What to produce
Please give back each line of the material unchanged, but without the images.
(Supplied material begins)
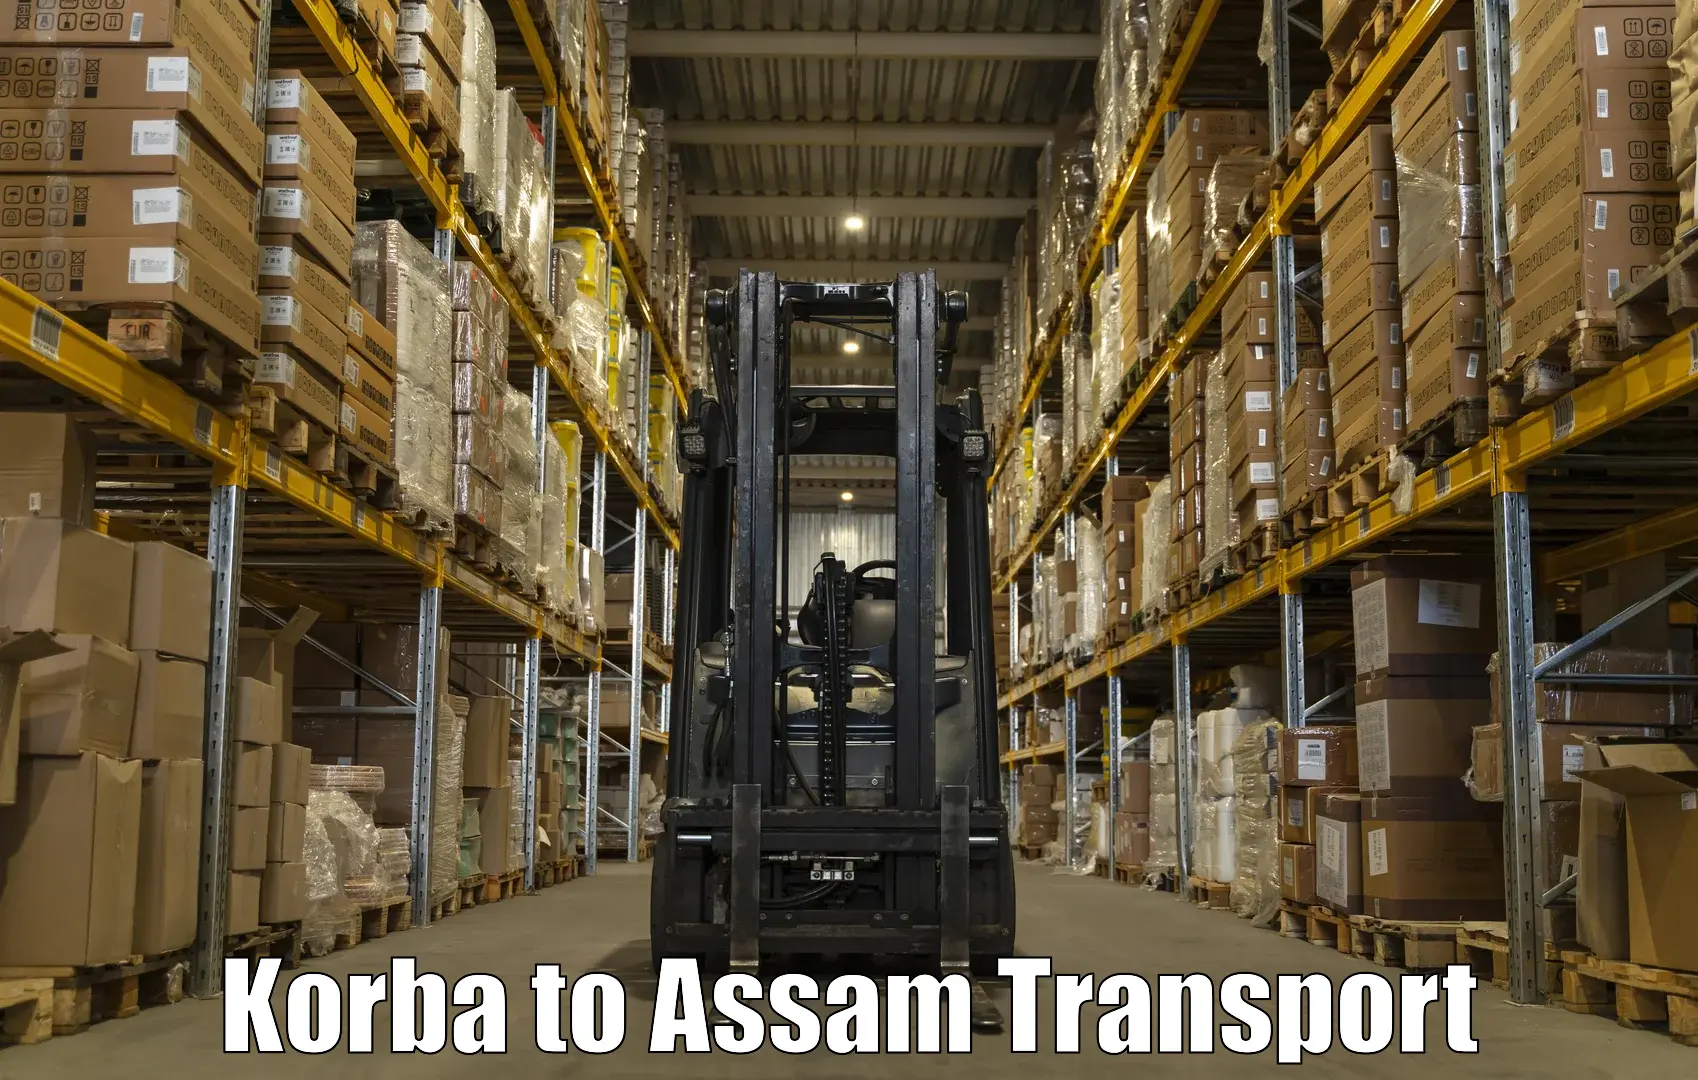 Transport in sharing Korba to Jagiroad
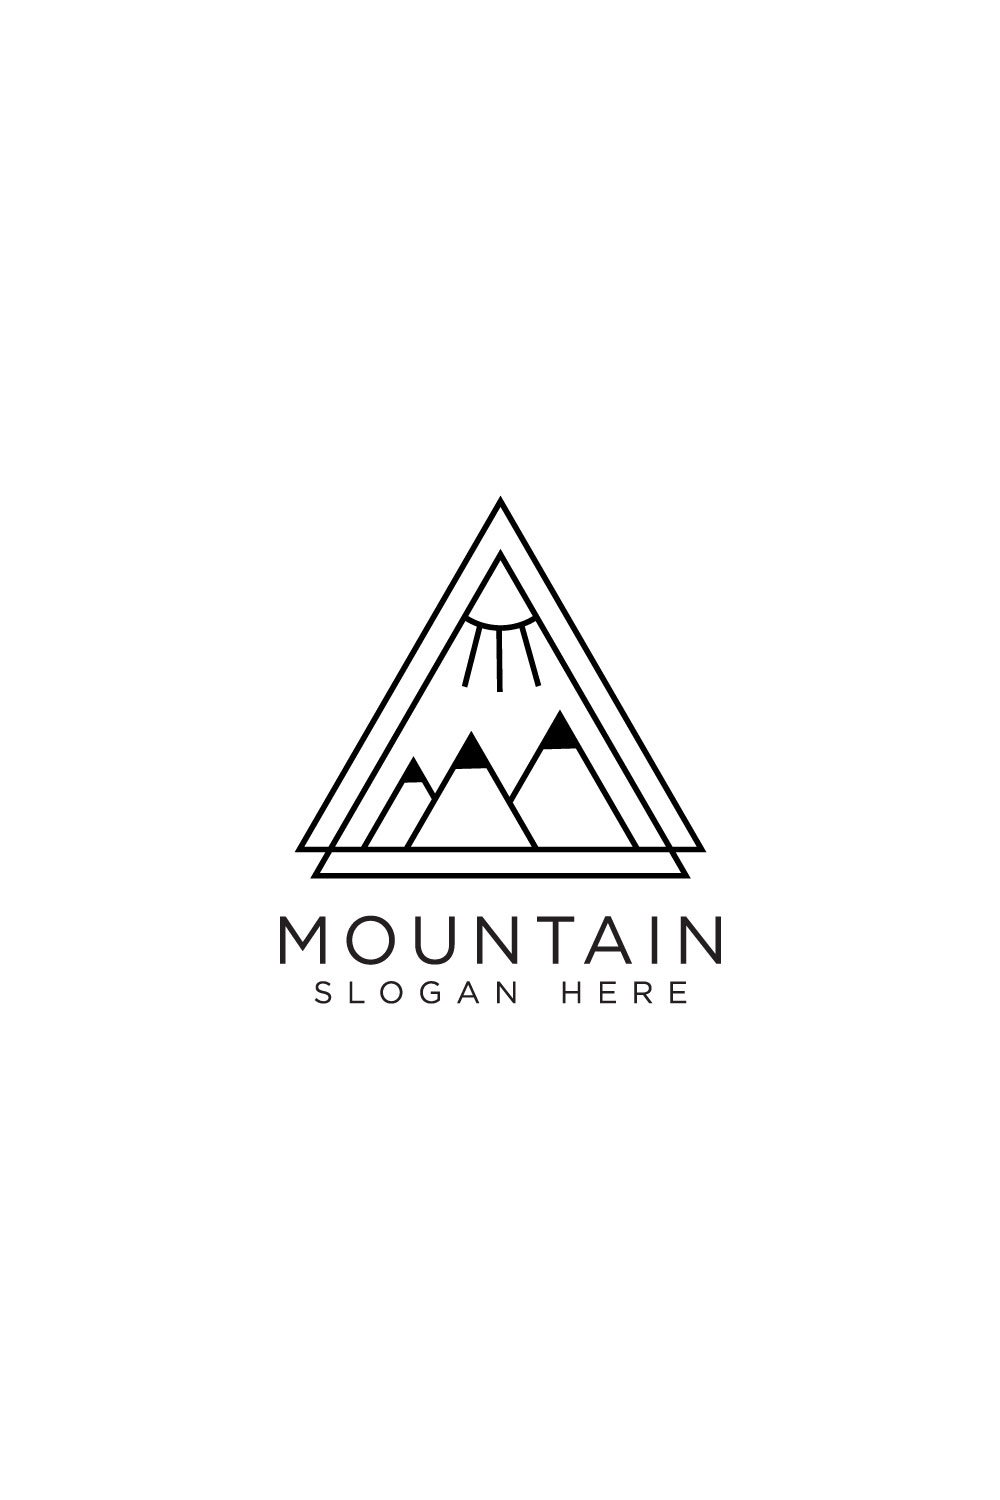 mountain logo design vector pinterest preview image.
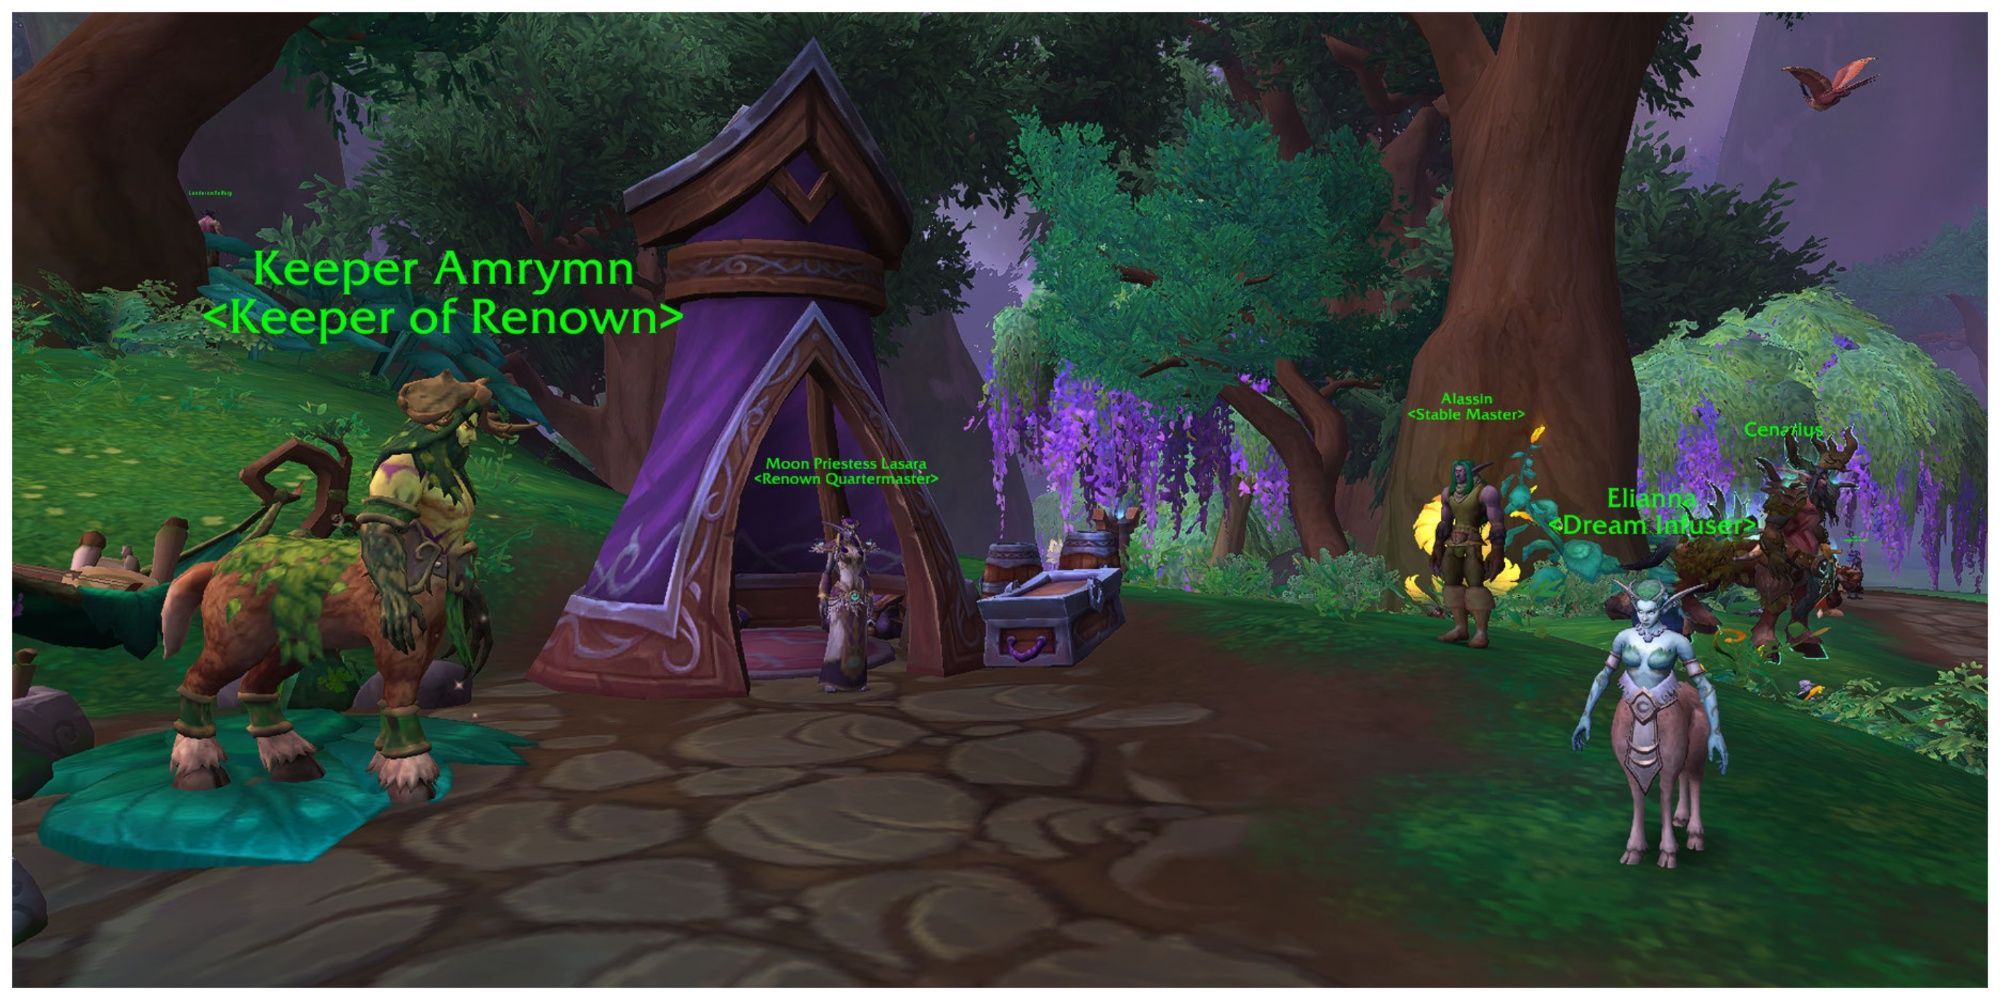 Druiden und Dryaden von World of Warcraft versammeln sich in der Nähe eines violetten Zeltes
(Supplied material ends)
Result
 Transport in sharing Korba to Jagiroad
 mountain logo design vector pinterest preview image.
 Druiden und Dryaden von World of Warcraft versammeln sich in der Nähe eines violetten Zeltes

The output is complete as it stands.